Uma ideia recorrente entre alguns analistas é que a Apple poderia usar parte do seu enorme caixa para comprar milhares de acres nos EUA e construir uma fábrica 100% automatizada para produção de iPhones. Isso eliminaria desafios relacionados ao fator humano. Mas especialistas em cadeia de suprimentos consideram essa opção inviável, devido às frequentes mudanças na demanda. Além disso, grande parte do maquinário industrial ainda é fabricado na China.
A pressão crescente sobre a Apple nas últimas semanas representa uma mudança em relação ao primeiro mandato de Trump, quando Cook usava sua relação pessoal com o presidente para conseguir isenções tarifárias para os produtos da Apple. Para investidores em Wall Street, a nova postura reforça a incerteza quanto ao impacto da política comercial de Trump sobre uma das empresas mais valiosas do mundo.
“É um sinal de alerta para mim o fato de que Trump continua mirando a Apple e parece ter algo contra a empresa”, disse Randy Hare, diretor de análise de ações do Huntington National Bank. “Isso não quer dizer que Trump vá, de fato, fazer algo a mais, mas também não dá para prever o que ele vai fazer — e isso me deixa cauteloso.”
Tim Cook foi um dos vários executivos da Big Tech e bilionários que tentaram se aproximar de Trump após sua vitória nas eleições de novembro.

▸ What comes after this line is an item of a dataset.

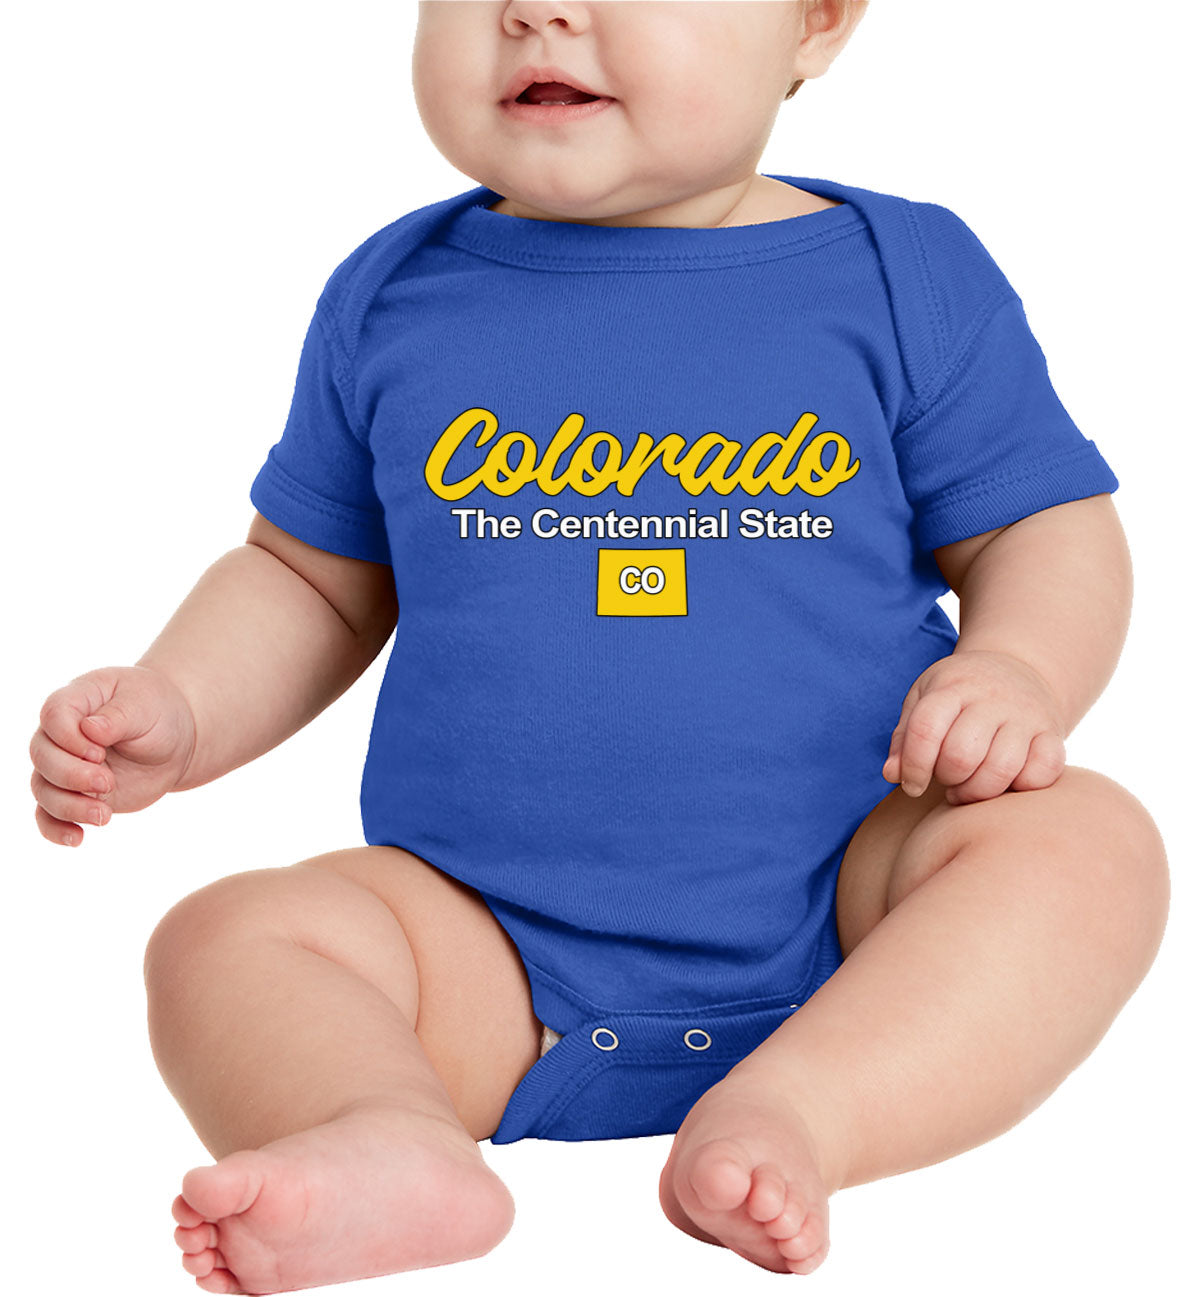 Colorado The Centennial State Baby Onesie

O CEO da Apple chegou a visitar a mansão Mar-a-Lago, de Trump, na Flórida, para uma série de encontros e jantares privados. Ele também sentou-se atrás do presidente durante a cerimônia de posse em janeiro, ao lado de Elon Musk, Sundar Pichai (Alphabet), Mark Zuckerberg (Meta) e Jeff Bezos (Amazon).
Para Cook, pode ser mais simples absorver o custo adicional das tarifas do que redesenhar uma cadeia de suprimentos que levou anos para ser construída.
“Em termos de lucratividade, é muito melhor para a Apple absorver uma tarifa de 25% sobre os iPhones vendidos nos EUA do que transferir a linha de montagem dos iPhones de volta para os EUA”, escreveu o analista Ming-Chi Kuo, da TF International Securities, na rede X.